▶ [Information supplied]
# # # # # # #
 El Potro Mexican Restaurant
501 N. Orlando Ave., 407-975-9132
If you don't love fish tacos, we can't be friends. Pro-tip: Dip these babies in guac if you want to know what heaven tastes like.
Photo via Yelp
# # # # # # #
▶ [What the exercise asks]
Restate the data above word for word, omitting nothing.

▶ [Answer to this problem]
 El Potro Mexican Restaurant
501 N. Orlando Ave., 407-975-9132
If you don't love fish tacos, we can't be friends. Pro-tip: Dip these babies in guac if you want to know what heaven tastes like.
Photo via Yelp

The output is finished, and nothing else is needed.